Implementation of trades is best achieved by following predetermined game plans. The trader must anticipate all the potential events that might occur from the point of initiation through liquidation. Proper planning allows for appropriate reactions rather than emotional ones. The professional trader will, through practice of proper principles, internalise and automatise all of these components to become an efficient trading machine. As in boxing or any other sport, the wrong habit, once developed, is difficult to overcome; professional training is critical.

In sports, success is dependent on additional factors after the initial training. Specifically, the professional must continuously learn from his mistakes, not through unplanned trial and error, but by making adjustments with introspection and guidance from a coach; the electronic trader is no different. Very often, a trader who has been successful for a period of time begins to feel immortal and loses respect for changing markets and principles previously adhered to. At this point, risks are increased and trading criteria are lowered. As an example, a bull market trader unable to acclimate to a bear market might find himself reading annual reports, which is the behaviour of an investor not a trader. More specifically, the last long side trade might get away from him and turn into an unplanned long-term investment, tying up capital and subject to an untimely sale for needed cash. The momentum trader who has not learned to trade against the tide may be beached when markets become dull and volume wanes. If appropriate adjustments have not been made, this trader may give back all profits.
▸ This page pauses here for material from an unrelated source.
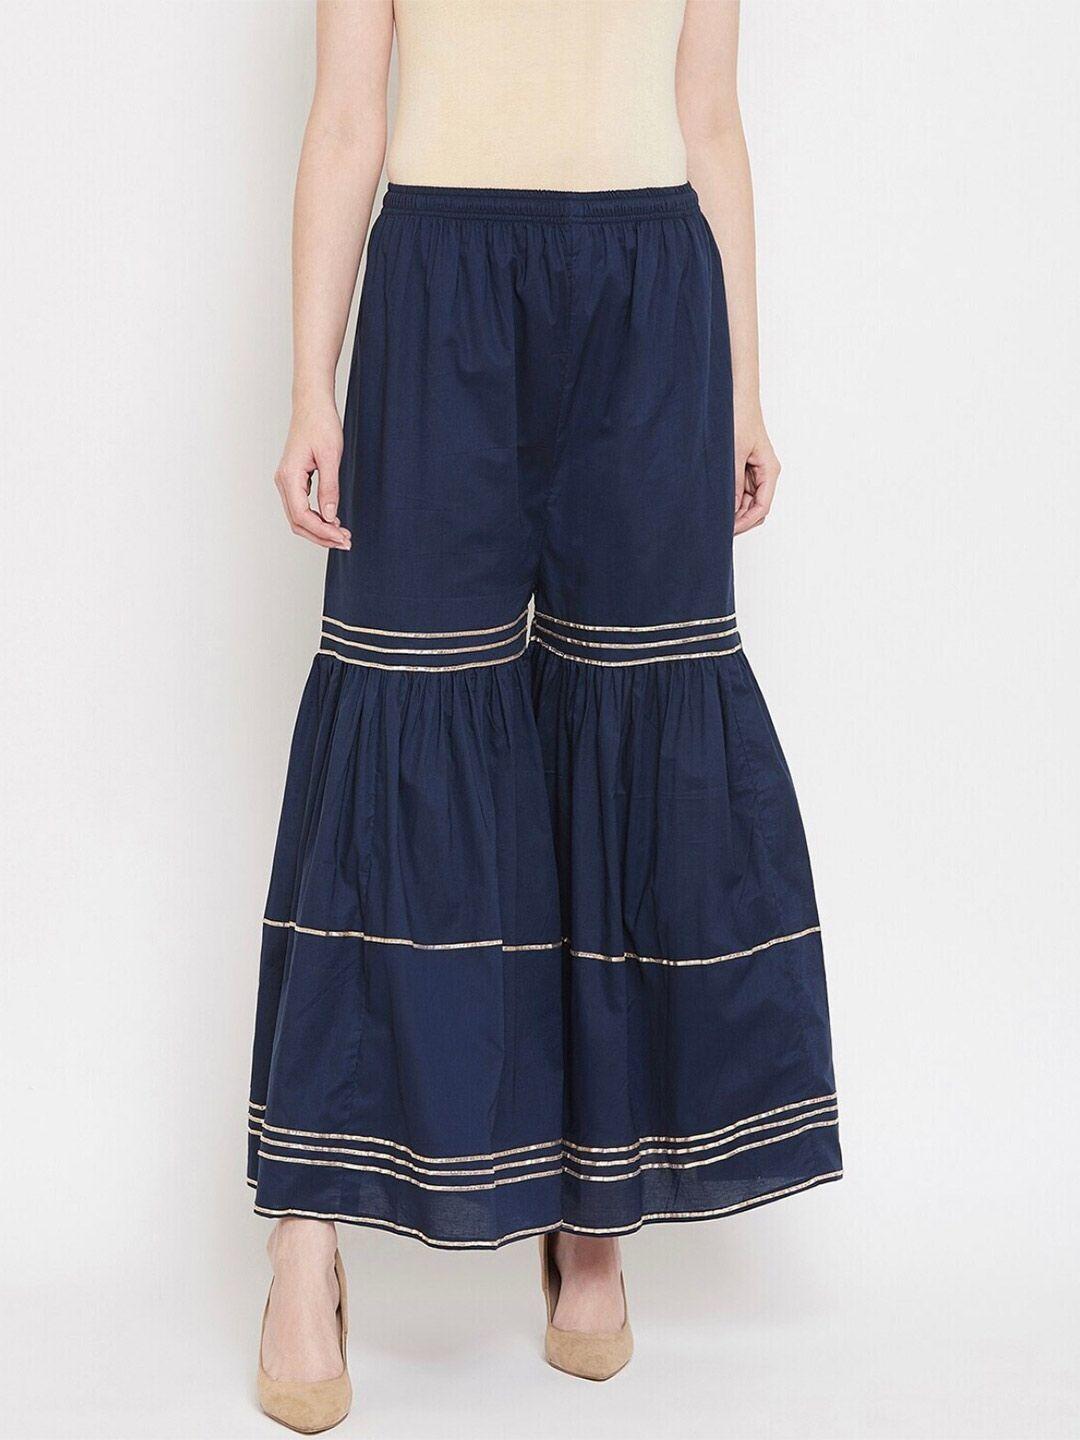 bcz style women navy blue & gold-toned striped flared handloom palazzos
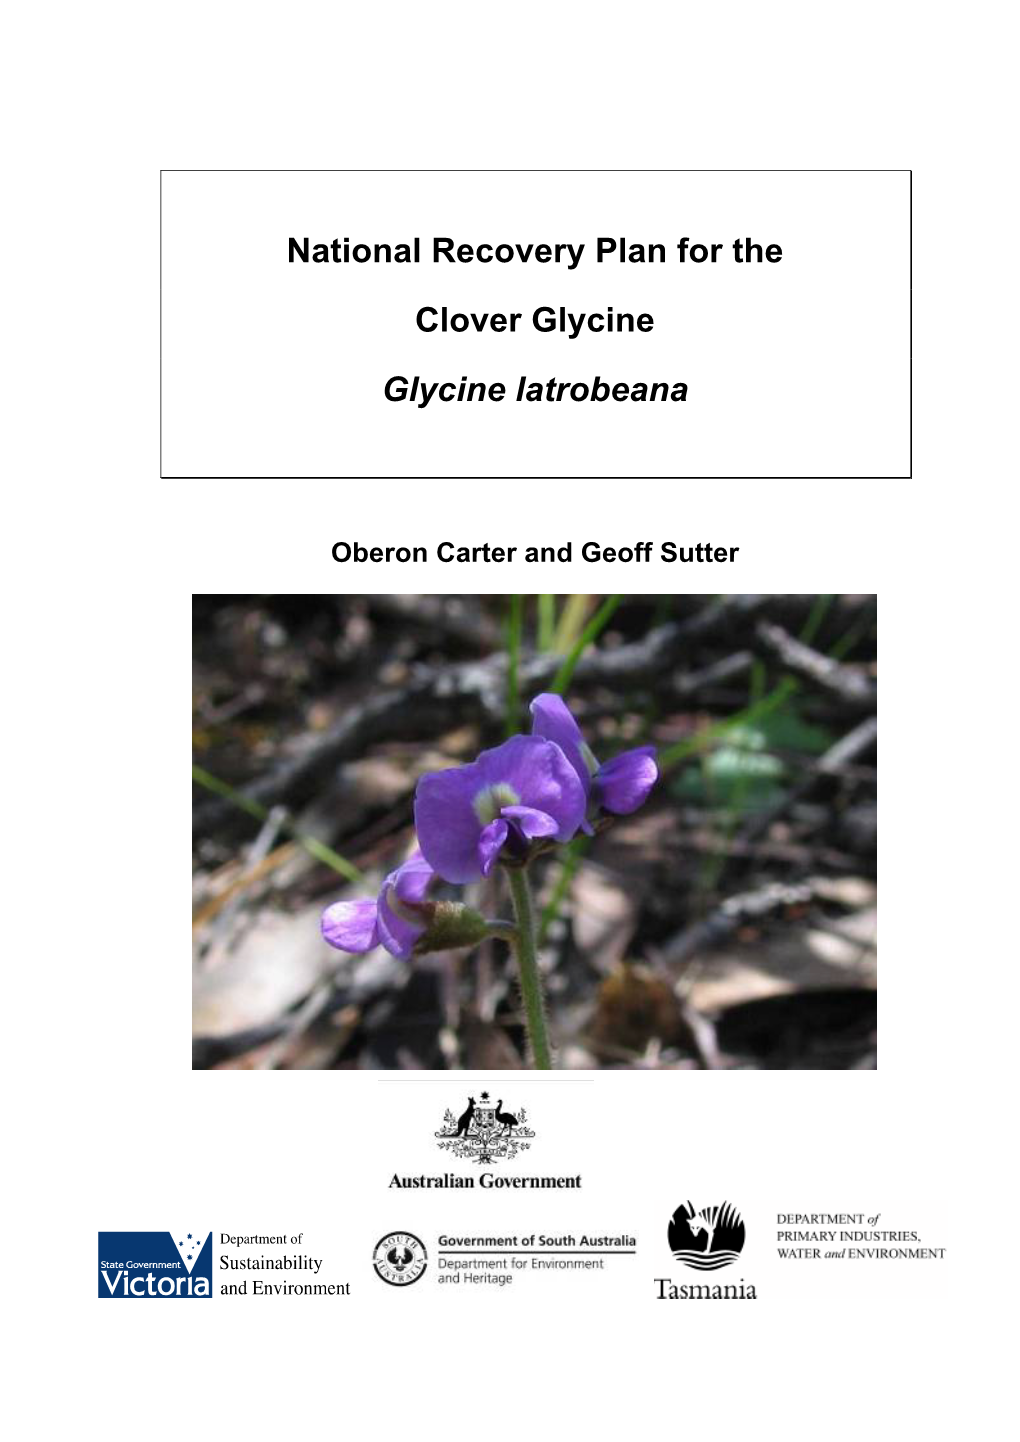 National Recovery Plan for the Clover Glycine

It is advantageous for a trader to talk trading with a peer group and mentor. Even if a trader is introspective, sheds his ego, and faces the problem head-on, discussions with other traders may help to highlight weaknesses, leading to faster resolutions. The individual trader lacking in the opportunity to communicate with peers may lose out on early identification of faulty strategies, develop bad habits, and lose money. Trading in a vacuum is less than ideal; trading in an atmosphere with other professionals of similar quality and education is preferable. The global marketplace coupled with technological advancements is dynamic and ever changing. Therefore, the electronic trader must keep abreast of all new developments, including regulations, and how these affect his trader business.

A decision to trade in the electronic trading arena should not be taken lightly. Education and reeducation are necessary; on-going learning and flexibility are required. The electronic trader will experience "future shock" continuously. Keep in mind that the market will change; there is never one market; there is never one way. What worked before, may not work today or tomorrow. The trader must never be lulled into complacency by opportunistic times or methods that have previously proven worthwhile. New markets may mean new methods. If trading is the chosen career, treat it like a business. Do not get enveloped in the tenor of the times; continue to do research for other trading possibilities; assume there will be changes; one should never stop learning. The trader who stays profitable is a lifetime student of the markets and the changes within it.